Jatropha
Spicy Jatropha (Jatropha integerrima)
Scientific classification Edit this classification
Kingdom: Plantae
Clade: Tracheophytes
Clade: Angiosperms
Clade: Eudicots
Clade: Rosids
Order: Malpighiales
Family: Euphorbiaceae
Subfamily: Crotonoideae
Tribe: Jatropheae
Genus: Jatropha
L.[1]
Species

Approximately 170, see Section Species.

Jatropha plant
Jatropha plant
Jatropha plant

Jatropha is a genus of flowering plants in the spurge family, Euphorbiaceae.
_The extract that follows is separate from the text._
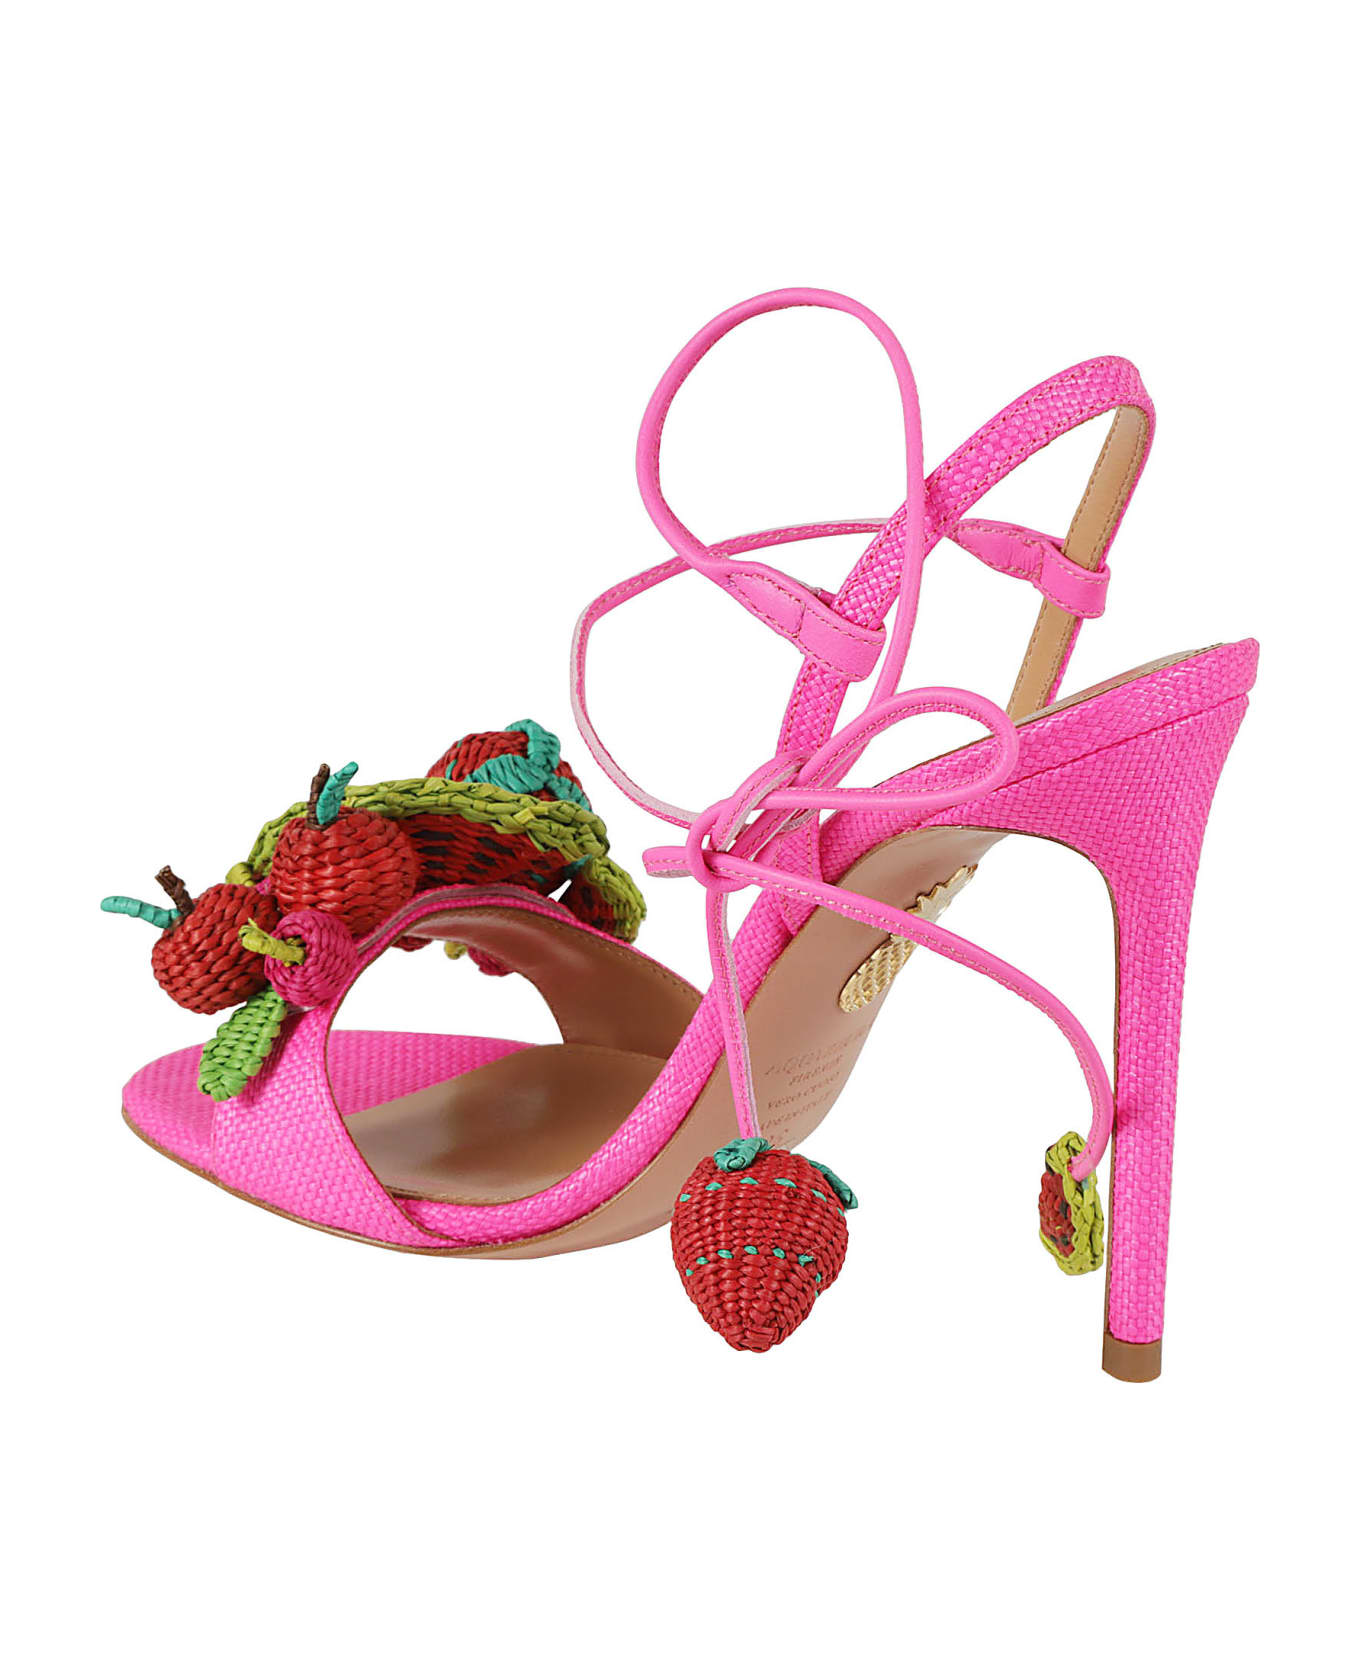 Aquazzura Strawberry Punch Sandals - Ultra Pink サンダル

The name is derived from the Greek words ἰατρός (iatros), meaning "physician", and τροφή (trophe), meaning "nutrition", hence the common name physic nut. Another common name is nettlespurge.[2] It contains approximately 170 species of succulent plants, shrubs and trees (some are deciduous, like Jatropha curcas). Most of these are native to the Americas, with 66 species found in the Old World.[3] Plants produce separate male and female flowers. As with many members of the family Euphorbiaceae, Jatropha contains compounds that are highly toxic. Jatropha species have traditionally been used in basketmaking, tanning and dye production. In the 2000s, one species, Jatropha curcas, generated interest as an oil crop for biodiesel production and also medicinal importance when used as lamp oil; native Mexicans in the Veracruz area developed by selective breeding a Jatropha curcas variant lacking the toxic compounds, yielding a better income when used as source for biodiesel, because of its edible byproduct. Toxicity may return if edible Jatropha is pollinated by toxic types.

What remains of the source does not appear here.